Silent corruption with OpenZFS (ongoing discussion and testing)

Juan Manuel Palacios

Contributor
Joined
May 29, 2017
Messages
146
OpenZFS 2.2.2 & 2.1.14 released with fixes for this data corruption issue! Now lets wait for iX to do its magic and release updates on the already announced mid-December timeline.
 
Joined
Oct 22, 2019
Messages
3,641
Heads up for those anticipating the return of block-cloning with OpenZFS 2.2.2:
Rob N. said:
The "write" part of the file change can be anything - write, clone, fill, etc. What may make a difference is the relative speed of those operations, and obviously a clone is much faster than a write. There may also be a second bug in cloning that contributed to the this that we haven't found yet. This is part of the reason that cloning is still disabled in 2.2.2.
(Emphasis added.)

As much as I think block-cloning is a game-changer for ZFS, which I was very excited for, I have to agree with this "play it safe for now" approach.
 

awasb

Patron
Joined
Jan 11, 2021
Messages
415

HarambeLives

Contributor
Joined
Jul 19, 2021
Messages
153
After applying the fix, is it a good idea to do a scrub ASAP or just stick to my usual schedule?
 

bcat

Explorer
Joined
Oct 20, 2022
Messages
84
Scrubs will not help with this issue since, as far as ZFS is concerned, there's no on-disk corruption. ZFS writes exactly the bytes it's told to by the application (e.g., cp). Instead, the corruption occurs when ZFS tells an application the wrong thing at read time (saying there is a "hole" in a file when, in fact, there is data there).
 

HarambeLives

Contributor
Joined
Jul 19, 2021
Messages
153
Thanks
 

Etorix

Wizard
Joined
Dec 30, 2020
Messages
2,134
Put otherwise: The bug does not corrupt data that is already in the pool; it's a "read bug" which returns wrong data, which may result in corrupted copies being stored—originals are safe.
Scrubs are of no use: The original is fine, but the copy was written with its own checksum and is "properly corrupted".
 
Last edited:

Juan Manuel Palacios

Contributor
Joined
May 29, 2017
Messages
146
Hence the lack of checksum failures, because, if I understood correctly, when the bug hits, data is written correctly to some destination, even if that's corrupted data, and then at a later time that destination checksums OK when read once again and/or when scrubbed… correct?
@HarambeLives here's my analysis of how the bug impacts copies.
 

tiberiusQ

Contributor
Joined
Jul 10, 2017
Messages
190
Put otherwise: The bug does not corrupt data that is already in the pool; it's a "read bug" which returns wrong data, which may result in corrupted copies being stored—originals are safe.
Scrubs are of no use: The original is fine, but the copy was written with its own checksum and is "properly corrupted".
What about zfs replications to eg. another Truenas ?
 

Patrick M. Hausen

Hall of Famer
Joined
Nov 25, 2013
Messages
7,776
Not affected by this bug.
 

Juan Manuel Palacios

Contributor
Joined
May 29, 2017
Messages
146
Not affected by this bug.
How come? Because if the bug is about incorrectly reporting holes, wouldn't it stand to reason it could also occur while reading the blocks that make up a snapshot?
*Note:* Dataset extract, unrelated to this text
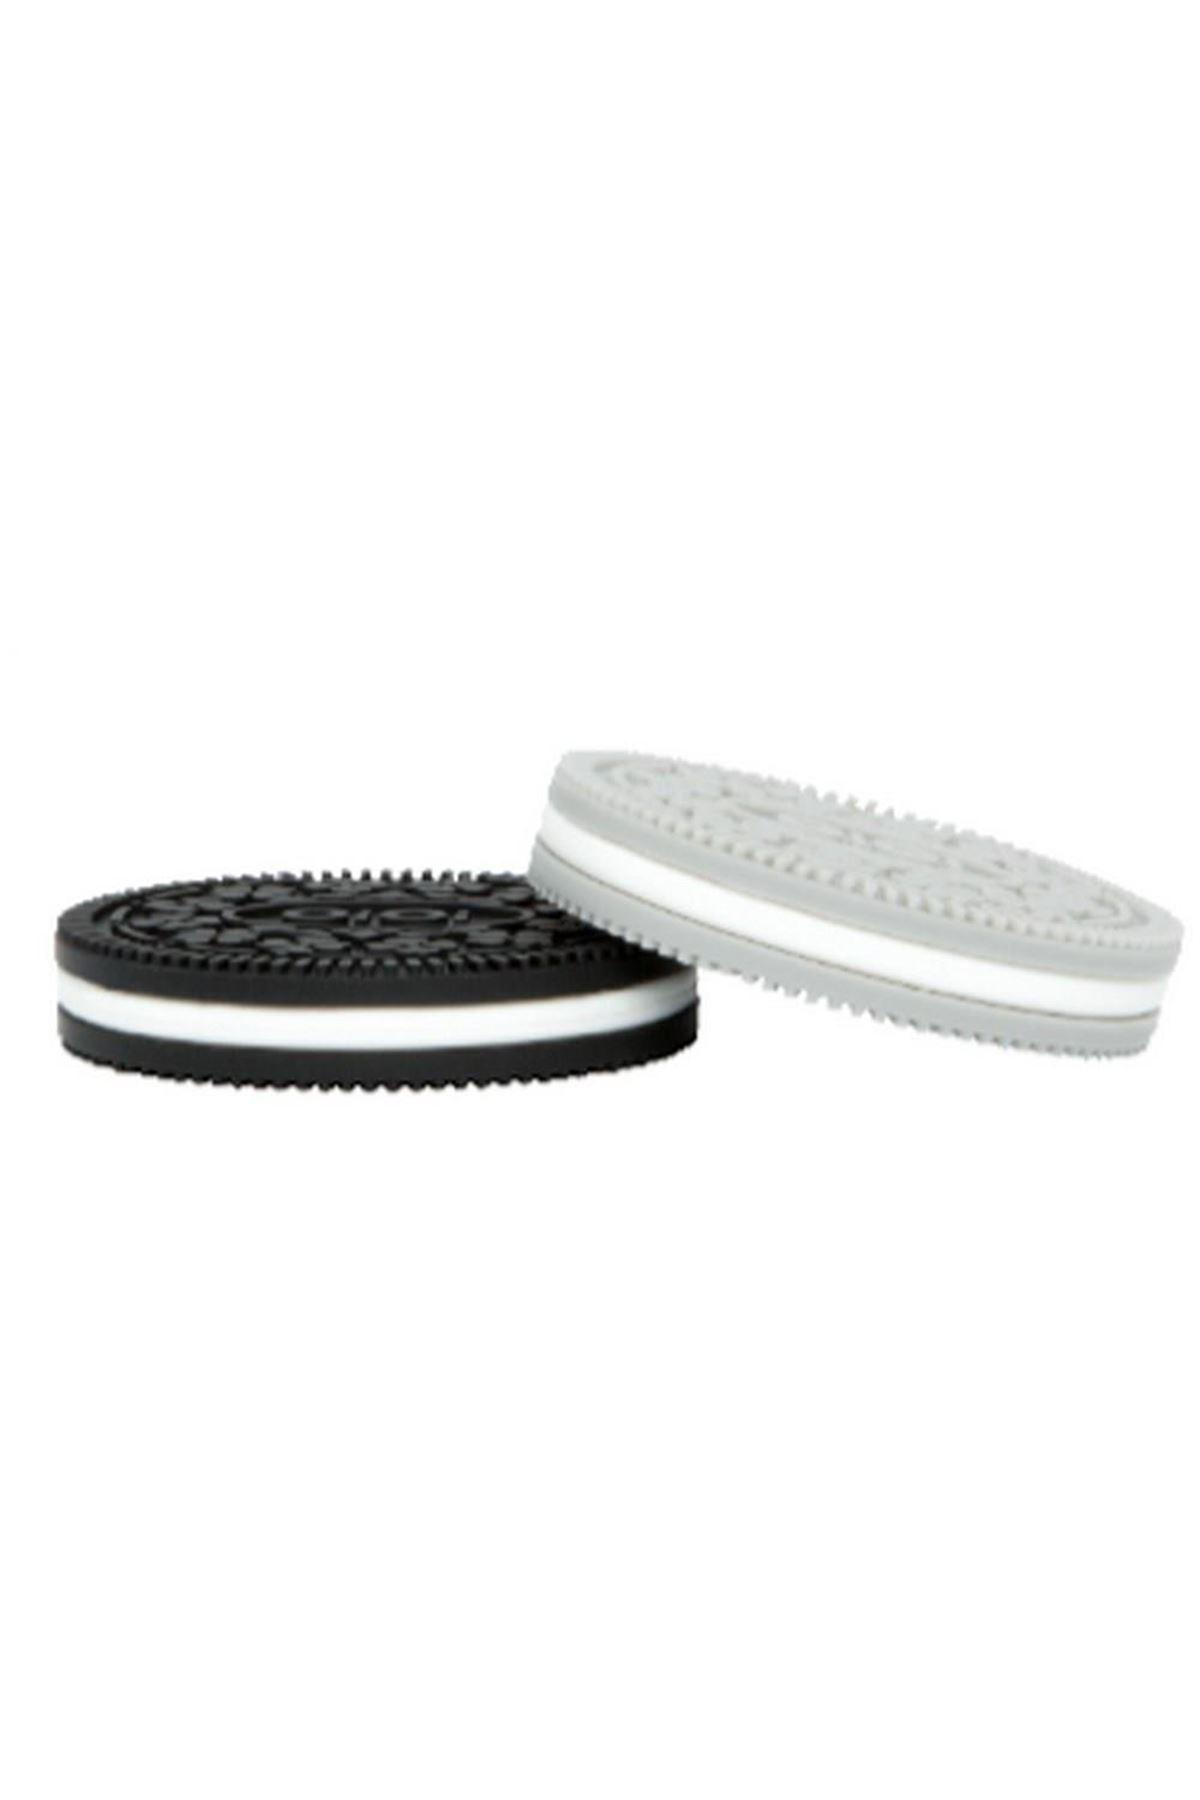 OiOi Kuki Diş Kaşıyıcı 2li Siyah Gri

After all, if block traversal is what occurs while supplying the data for a file that a specific userland tool, say cp(1), requests while attempting to copy said file to a destination, and the bug occurs at that point when a given range of blocks is misread as a hole, under a specific set of racy conditions… why can't that also occur while traversing a snapshot's blocks for the purpose of ZFS replication, provided the system is under the exact same set of racy conditions that trigger the problem in the former case?
 

Patrick M. Hausen

Hall of Famer
Joined
Nov 25, 2013
Messages
7,776
How come? Because if the bug is about incorrectly reporting holes, wouldn't it stand to reason it could also occur while reading the blocks that make up a snapshot?
Replication works at the block level. The bug is about user space programs operating at the file/vnode interface actively using "hole aware" system calls. ZFS replication is completely file agnostic.
 

Juan Manuel Palacios

Contributor
Joined
May 29, 2017
Messages
146
Replication works at the block level. The bug is about user space programs operating at the file/vnode interface actively using "hole aware" system calls. ZFS replication is completely file agnostic.
Right, I understand that replication works at the block level. But, at the end of the day, supplying the data for a file that a userland tool intends to copy translates into reading the blocks that make up that file when the ZFS layer is asked for its data.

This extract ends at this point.